Kuang-Chi's first international investment was in Martin Aircraft, a New Zealand public company developing the world's first practical jetpack, now led by James West. Kuang-Chi also invested in Solar Ship, a Canadian company led by Jay Godsall that designs a hybrid airship capable of heavy cargo transport to remote locations, alongside a network of aerostats and solar-powered hangars.

In 2017, Kuang-Chi invested in Gilo Industries Applied Technology, a UK aerospace company led by Gilo Cardozo and Jim Edmondson that specializes in aeronautical vehicles and propulsion systems, including the Parajet Skyquad, a flying car, paragliders, and ultra-lightweight and advanced rotary engines.

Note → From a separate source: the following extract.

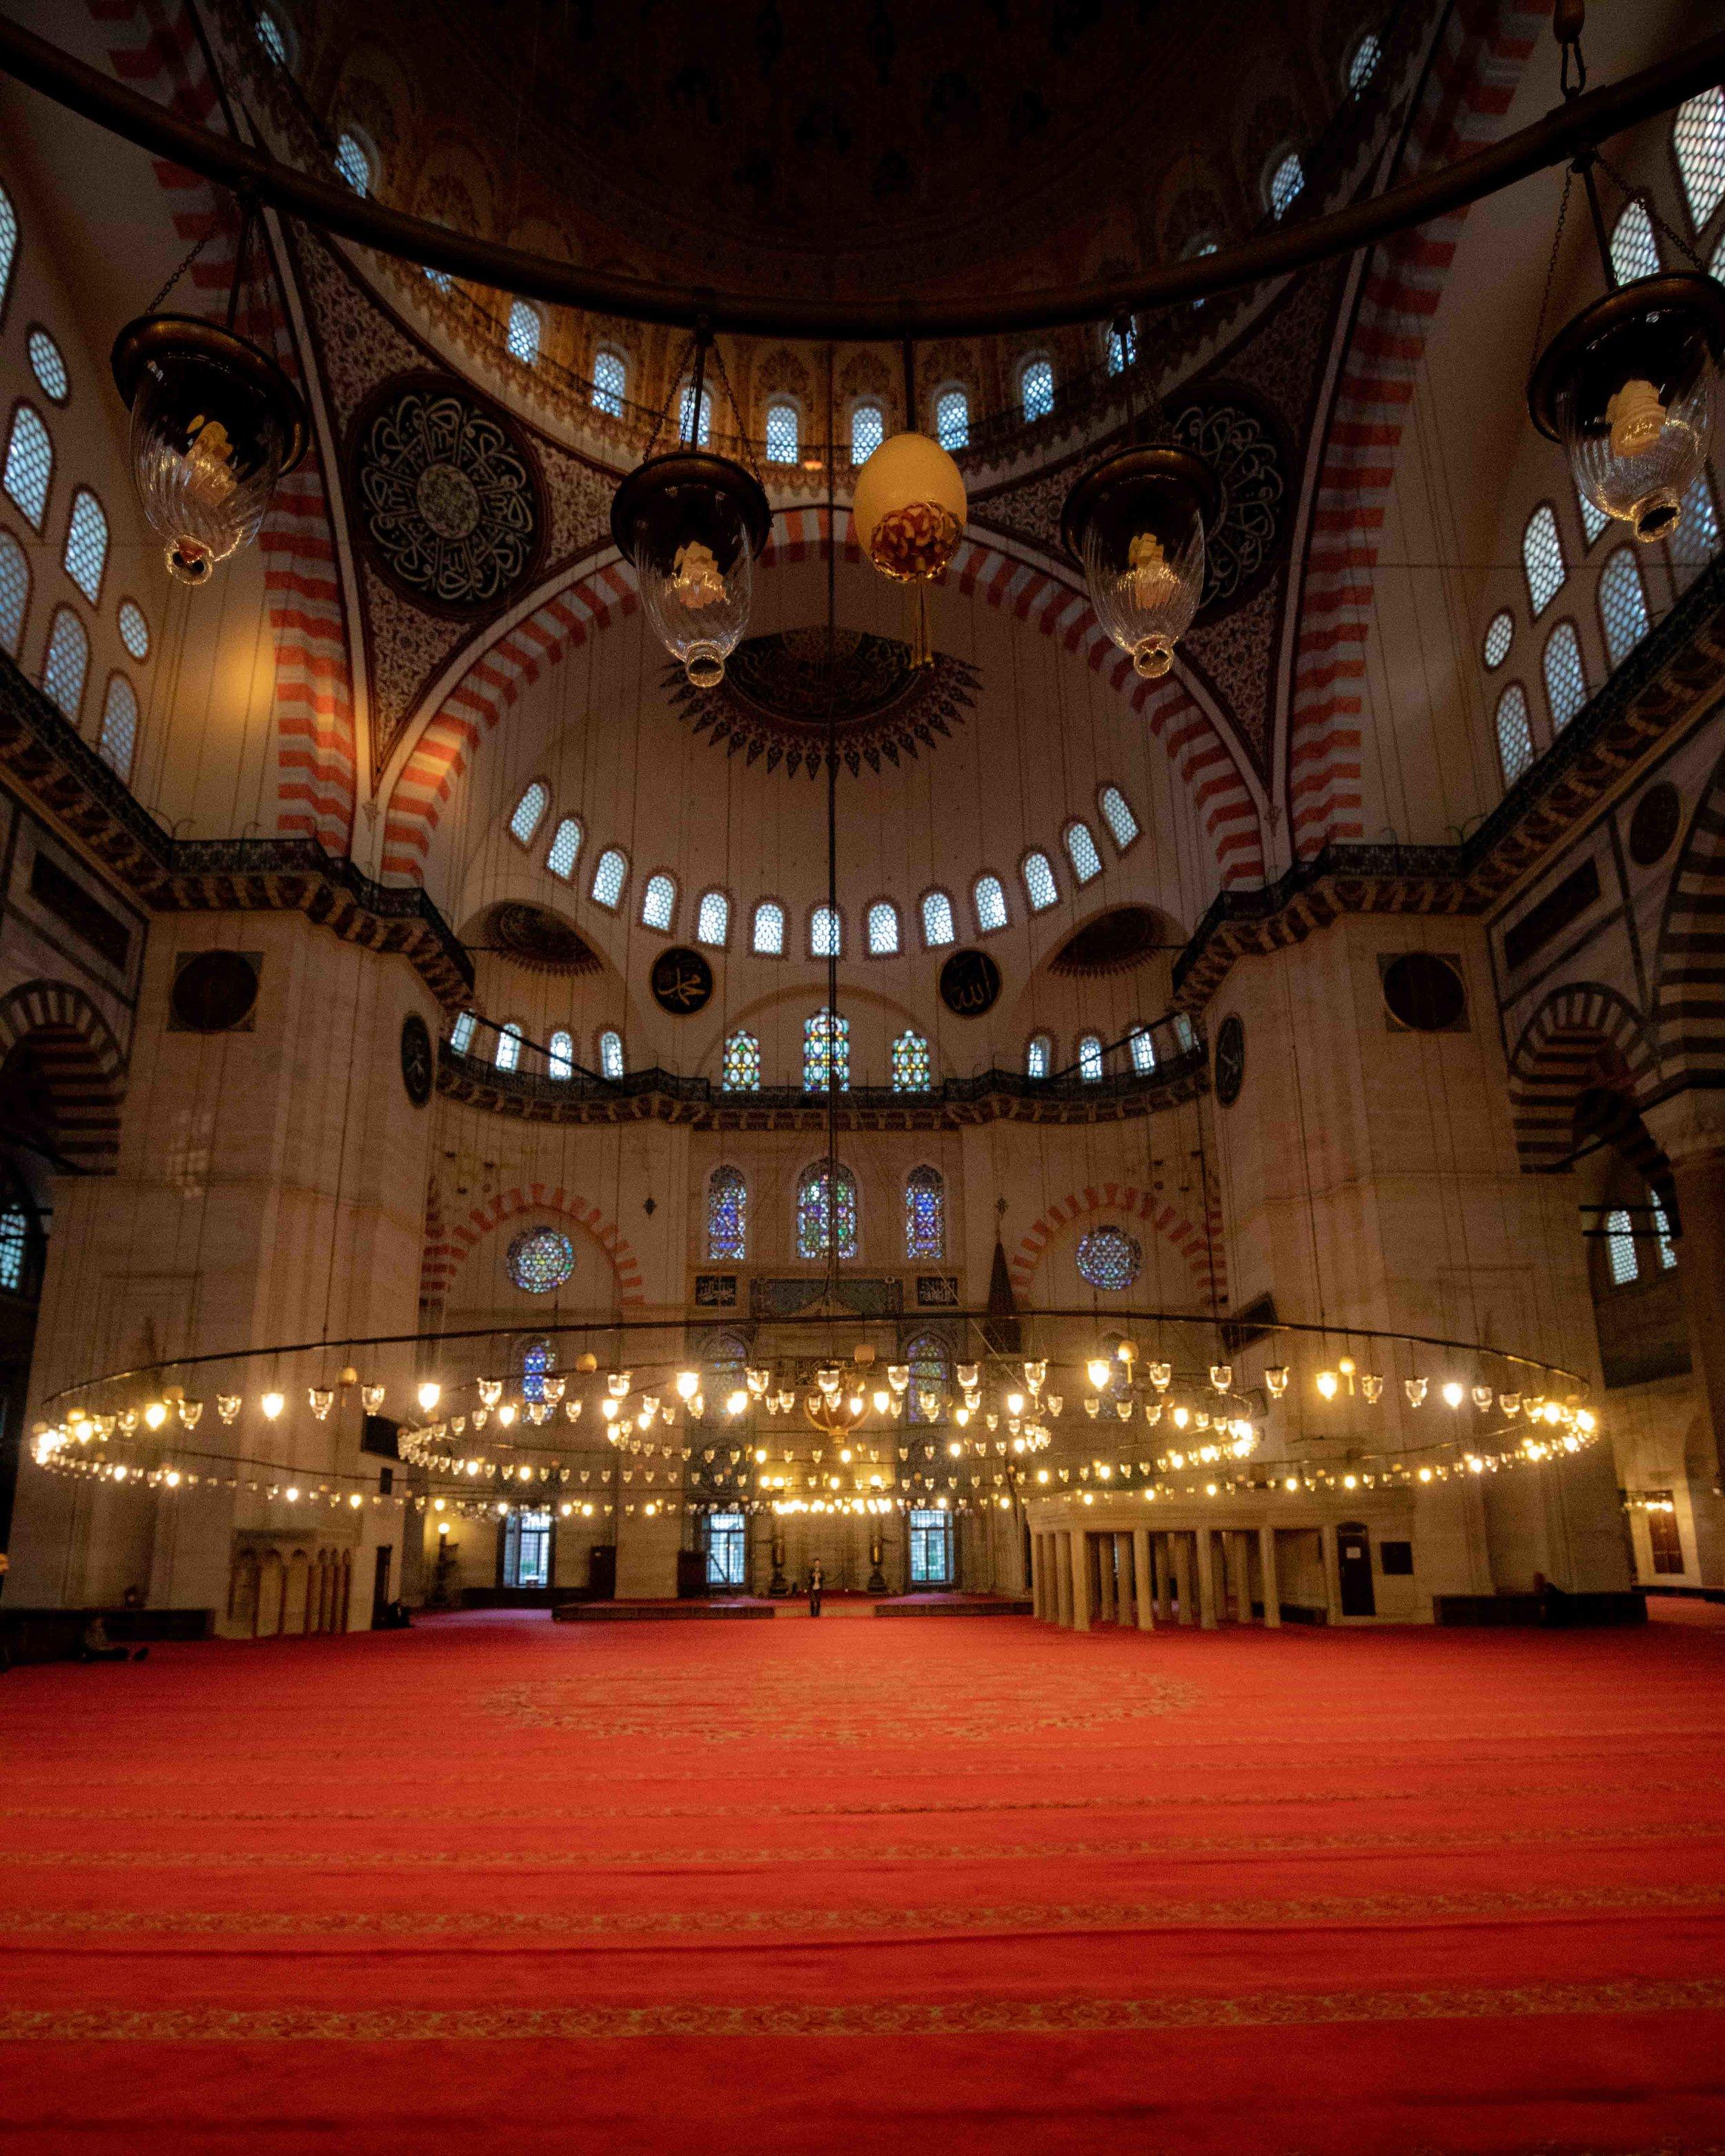 Turkey in Ramadan - Suleymaniye Mosque

The GCI Fund invested in gesture control company eyeSight Technologies (Gideon Shmuel, CEO), emotions analytic company Beyond Verbal (Yuval Mor, CEO), video intelligence provider Agent Video Intelligence (Itsik Kattan, CEO), biometrics authentication developer Zwipe (Kim Humborstad, CEO ), and UAV company SkyX (Didi Horn, CEO). Kuang-Chi is one of the most active Chinese investors in Israel's technology ecosystem, and is the first Chinese company to set up a fund and incubator in Israel focused on technology.

==Smart City==
Kuang-Chi has relationships with city governments in China, Singapore and Israel. As of 2016, Kuang-Chi has opened research institutes in conjunction with local government officials in Shenzhen, Dongguan, Luoyang, Haikou and Chengdu, all in China. These research centers each focus on diverse technologies, including metamaterials in Shenzhen, aerospace in Dongguan, near-space in Haikou and unmanned aviation systems in Chengdu. Singapore and Tel Aviv also have Kuang-Chi innovation headquarters.

==Entry on Entity List==
On 18 December 2020, Kuang-Chi Group was placed on the Entity List, a trade blacklist published by the United States Department of Commerce's Bureau of Industry and Security. It was one of 77 entities to have been determined by the U.S. Government to be acting contrary to the national security or foreign policy interests of the United States. Specifically, Kuang-Chi Group was one of four entities added for activities contrary to U.S. foreign policy interests. According to The Federal Register, published on 20 December 2020, AGCU Scientech; China National Scientific Instruments and Materials (CNSIM); DJI; and Kuang-Chi Group have enabled wide-scale human rights abuses within China through abusive genetic collection and analysis or high-technology surveillance, and/or facilitated the export of items by China that aid repressive regimes around the world, contrary to U.S. foreign policy interests.

==Controversies==
David Webb, a Hong Kong activist, criticized Kuang-Chi's associate company Kuang-Chi Science, a listed company in the Stock Exchange of Hong Kong, regarding its shareholders structure and business. Hexun.com, a Chinese financial news portal, via its magazine 经理人, also described the group was a series of capital tactics (连环资本局), which the 5 founders of Kuang-Chi, were backed by other investors, in order to take over Chinese listed-company Kuang-Chi Technologies and aforementioned Kuang-Chi Science as backdoor listing. A column writer of Zhitong Caijing, even criticized the group failed to materialize their research into mass production in the group's 7 years of establishments. The column writer further criticized the company as a future concept stock, would be the next pride of Shenzhen, or just another player in capital market.